Ingest it. Bring it right to us. Okay. We don't care where it comes from. We can bring it in and
we can start going through it and start giving you true, actionable insights. We can filter out the noise instead of one node going down, triggering a thousand alerts. We can just filter all of that out for you and just let you focus on the things that you need to be looking at right now. One of the things that I think gets overlooked in the space a lot is, well, we have this tool
that does way better than that legacy tool that you're using right now. And it's super easy to do
a drop-in replacement with our new awesomeness. Great. What that completely misses is that there
are other business units who perhaps care about data interchange and the idea that, yeah, that's
things, a legacy piece of junk and
replacing it would take an afternoon. And then it would take 14 years to wind up redoing all
the other reports that other things are generating downstream of that because they integrate with
that thing. So yeah, it's easy to replace the thing itself, but not in a way that anything
else can take advantage of it. And when it turns out also, when you sit there making fun of people's historical technological decisions, they don't really like becoming customers, as it turns out.
This was something of a shock for an awful lot of very self-assured startup founders in the early days.
Yeah. And again, you're talking about how some of the companies we're looking at, we don't want to rip and replace things.
Like you just said, you've got an ecosystem. It's a delicate ecosystem that has been developed over time.

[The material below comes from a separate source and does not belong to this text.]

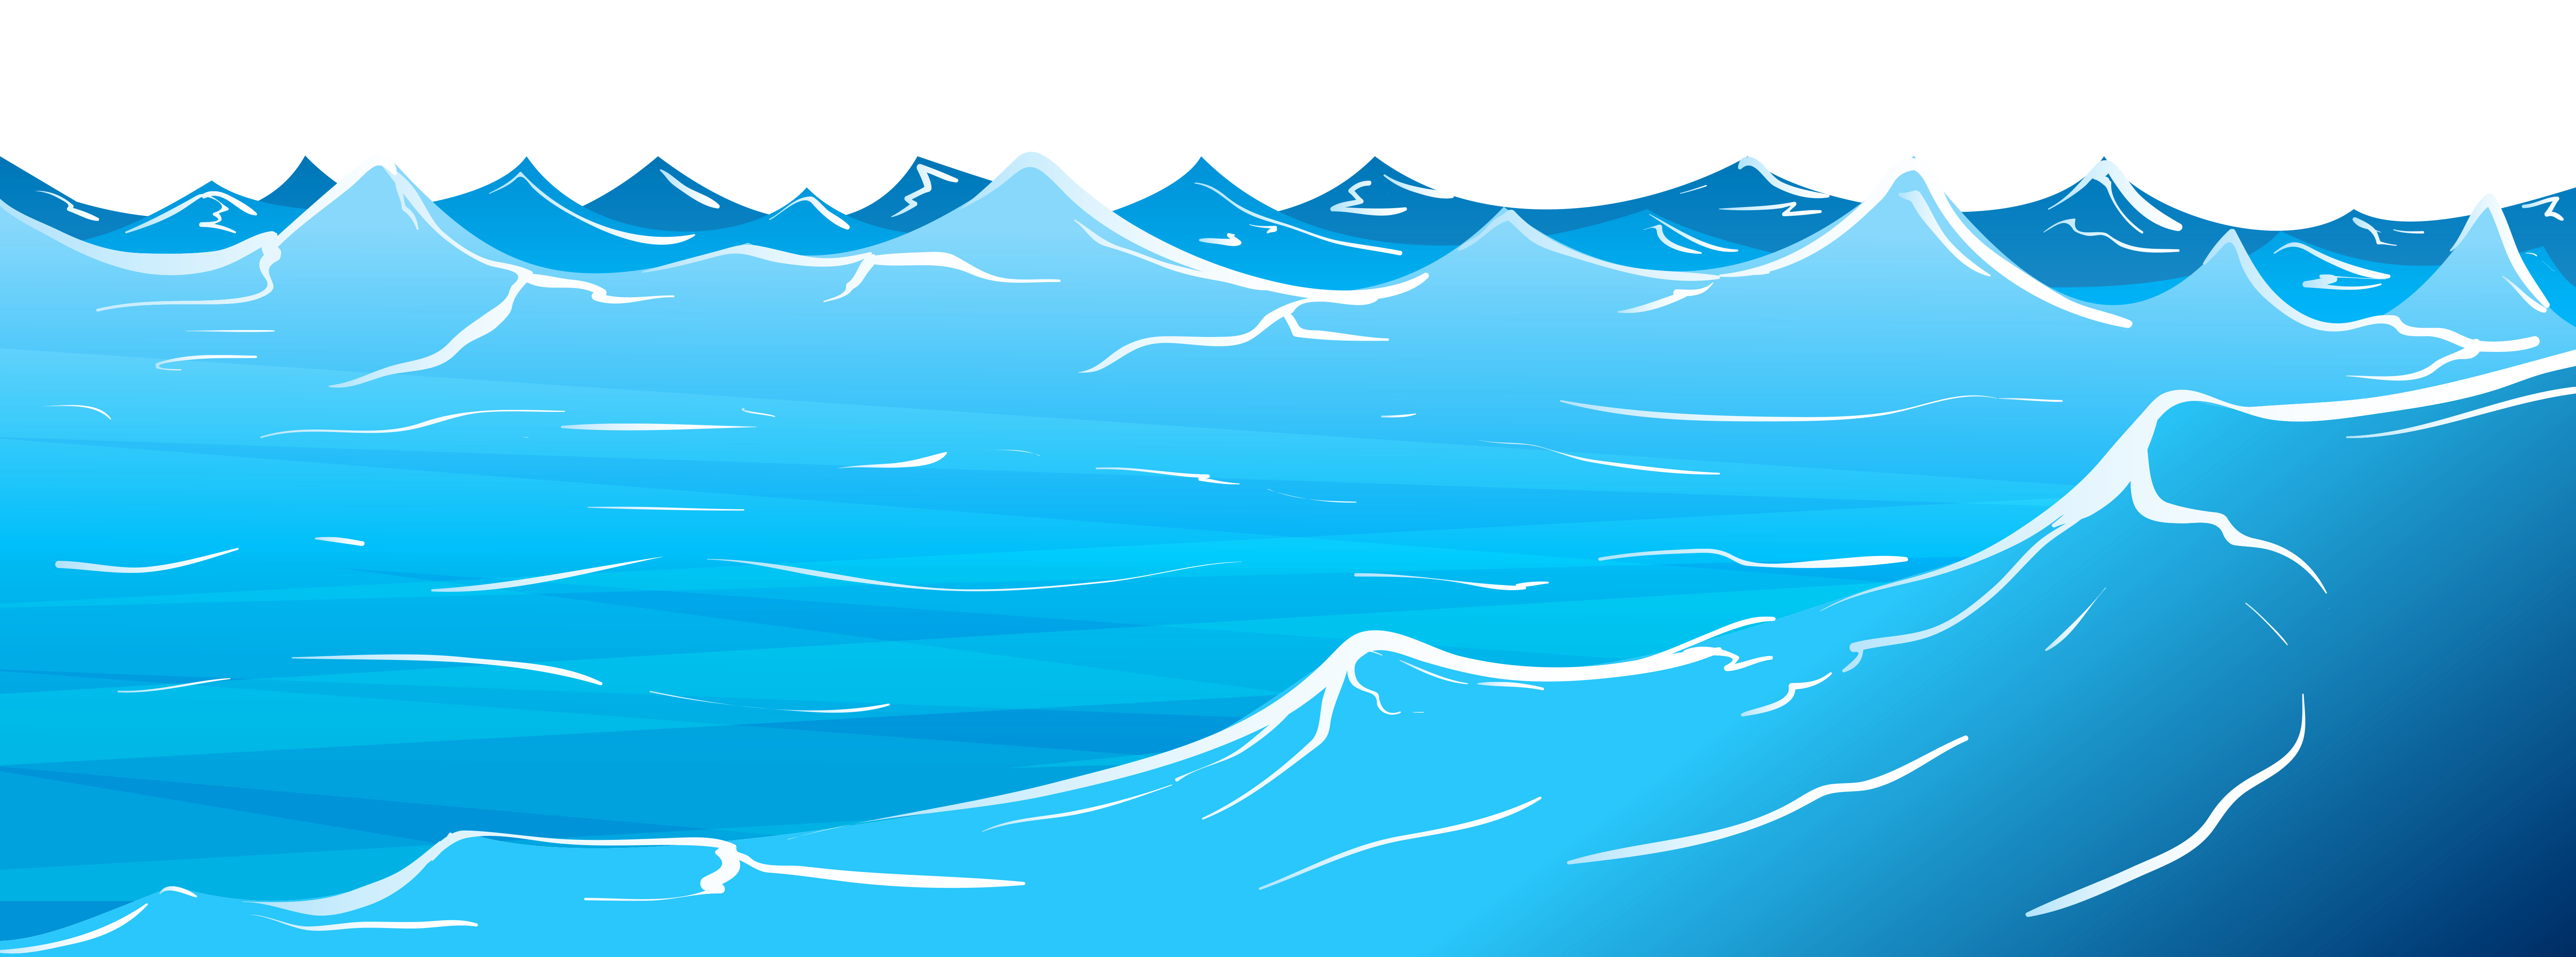  collection of high. Evaporation clipart ocean

We're interested in replacing all that. We want to enhance it. We want to be on top of it and
amplify what's in there for you. So yeah, we're not interested in coming in and say, yeah, rip
every tool out. And in some ways, when somebody will ask, who do you compete with? I'll go,
nobody, because I'm not looking to replace anybody. I'm looking to go on top. And again,
the companies we're dealing with have lots of data. We're talking very large companies. Some
of these are the backbone of the internet. They just have way too much data for any of these
legacy tools to help with. They can help with little things, but in terms of
making sense of it all, in terms of doing the real big data analytics, that's where our tool comes in
that really shines. Yeah, it turns out that it's not a really compelling sales pitch to walk in
and say, hey, listen up, idiots. You all are doing it wrong. Now pay me and we'll do it right. Yeah,
even if you're completely right, you've already lost the room at that point. Exactly. People make decisions
based upon human aspects, not about arithmetic in most cases. I will say, taking a glance at the
website, a couple of things are very promising. One, your picture and profile are already up there,
which is good. No one is still on the fence about that. And further as a bonus, they've taken your
job role down off the website, which is always
disconcerting when you're there.
And why is that job still open?
Oh, we're preserving optionality.
Don't you worry your head about that.
We've got it.
No one finds that a reassuring story when it's about the role that they're in.
So good selection.
I went to, after I signed, it was within the day, I went to send somebody the link to the job rec.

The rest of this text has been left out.